Horrors that most of us can’t imagine are daily occupational hazards for police officers, firefighters, paramedics, and other first responders. In the worst of circumstances first responders help everyday people in need, sometime heroically. But it turns that helping others often hurts the first responder.

“It can affect your mind. It can affect your heart, it can affect your soul, affect your relationships, marriages, how you treat the community,” said Kansas City police captain Darren Ivey. 

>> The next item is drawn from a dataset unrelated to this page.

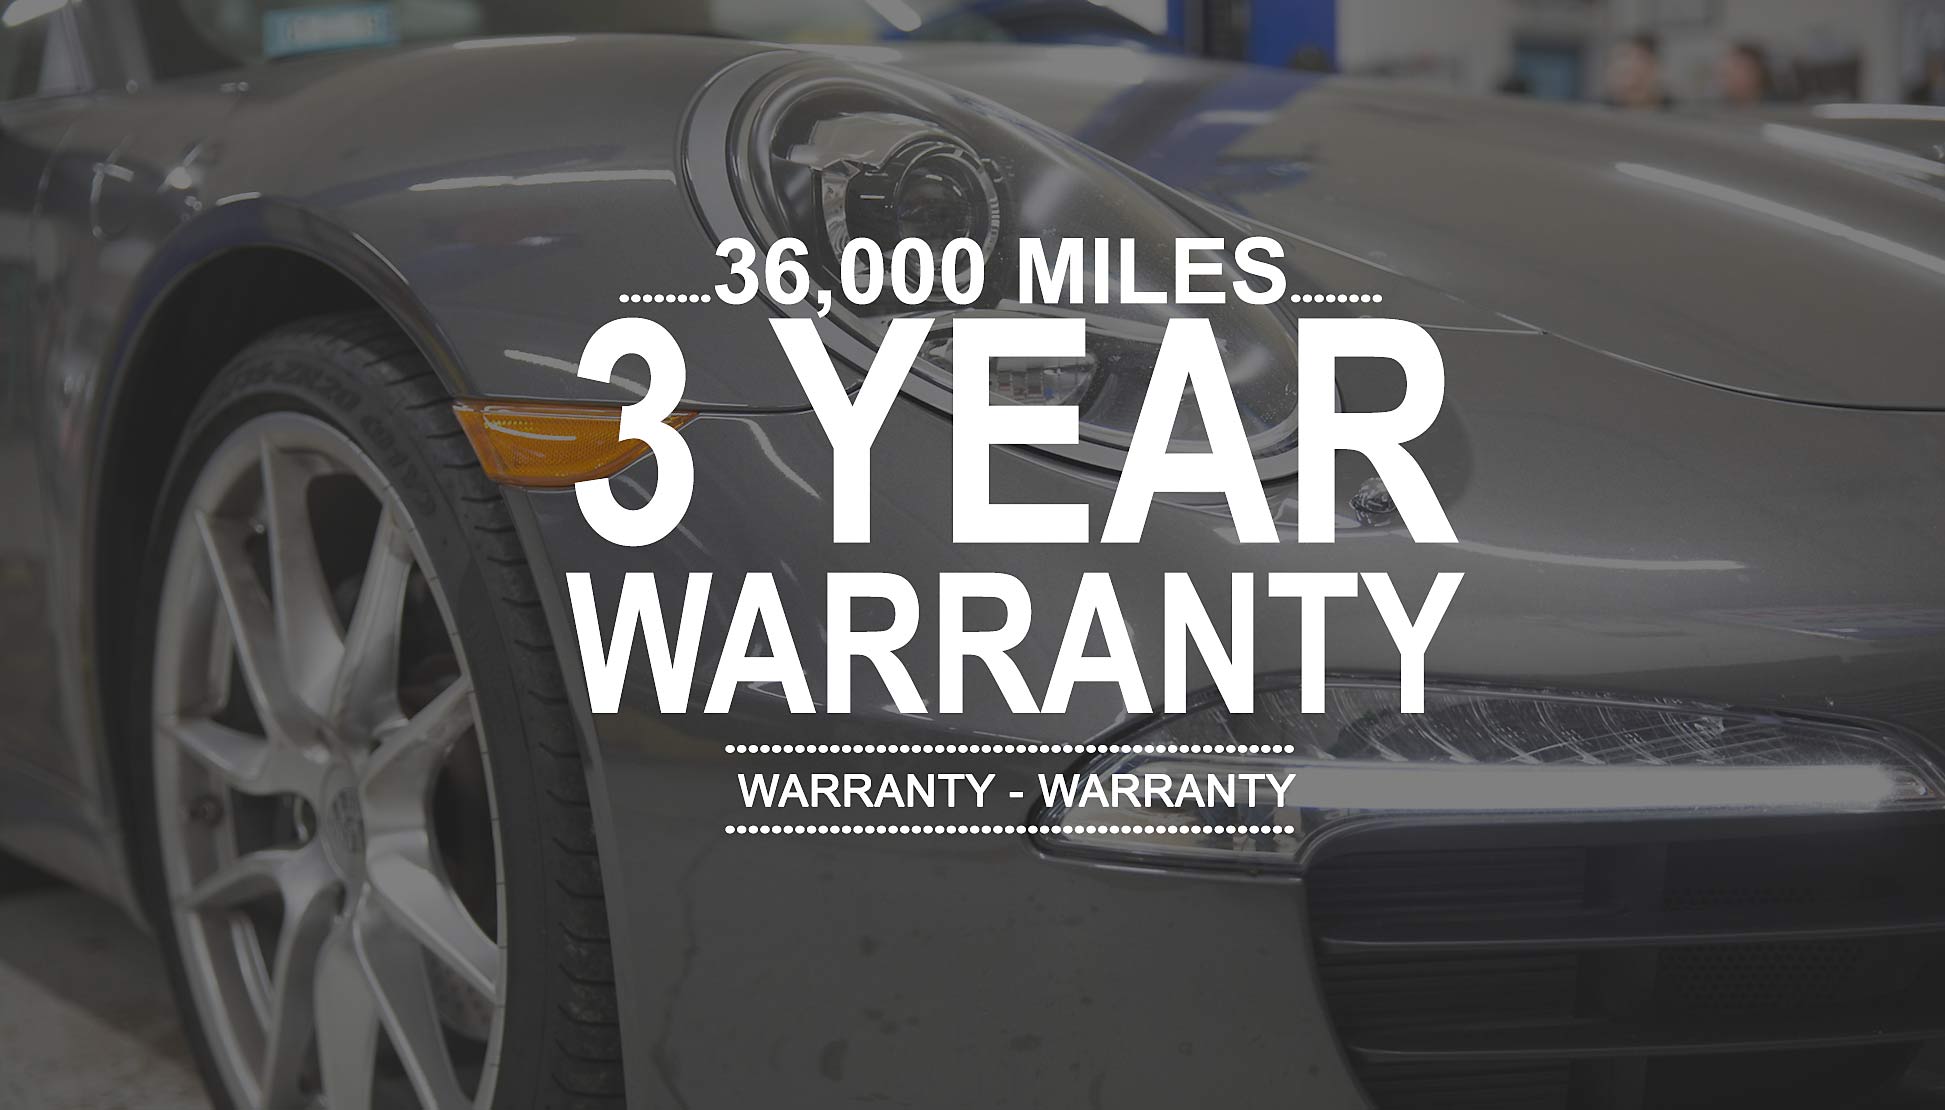 VFC Engineering Offers a 3 year, 36,000 mile warranty on its auto repairs. | VFC Engineering Chicago IL

Captain Ivey is one of the trainers for a program called Building Resilience: Surviving Secondary Trauma For First Responders. The program is open to law enforcement, firefighters, paramedics and emergency medical technicians, juvenile officers, and prosecutors. Ivey spent three days in St. Louis training first responders to recognize the physical and emotional toll of their professions and emphasize the importance of seeking professional help. 

“Anybody who’s in a helping profession has grown up in a culture of not asking for help,” said Ivey. “Suck it up. Don’t ask for help. Put your feelings aside. Throw a little dirt on it and get back to work. The ones who run towards the gunfire are the ones who are going to run away from the doctors.”

'First to respond, last to seek help' is a phrase often associated with first responders because they don’t want to be viewed as weak. That’s why Ivey said the goal of Building Resilience is to change the first responder culture.

“I really think I’m starting to see a tipping point. More people are asking for help,” said Ivey.

Lindemeyer agrees.

“Society is changing. It’s becoming more acceptable for people to show that they’re vulnerable because we are human and it's OK seek seek help to work through it,” said Lindemeyer.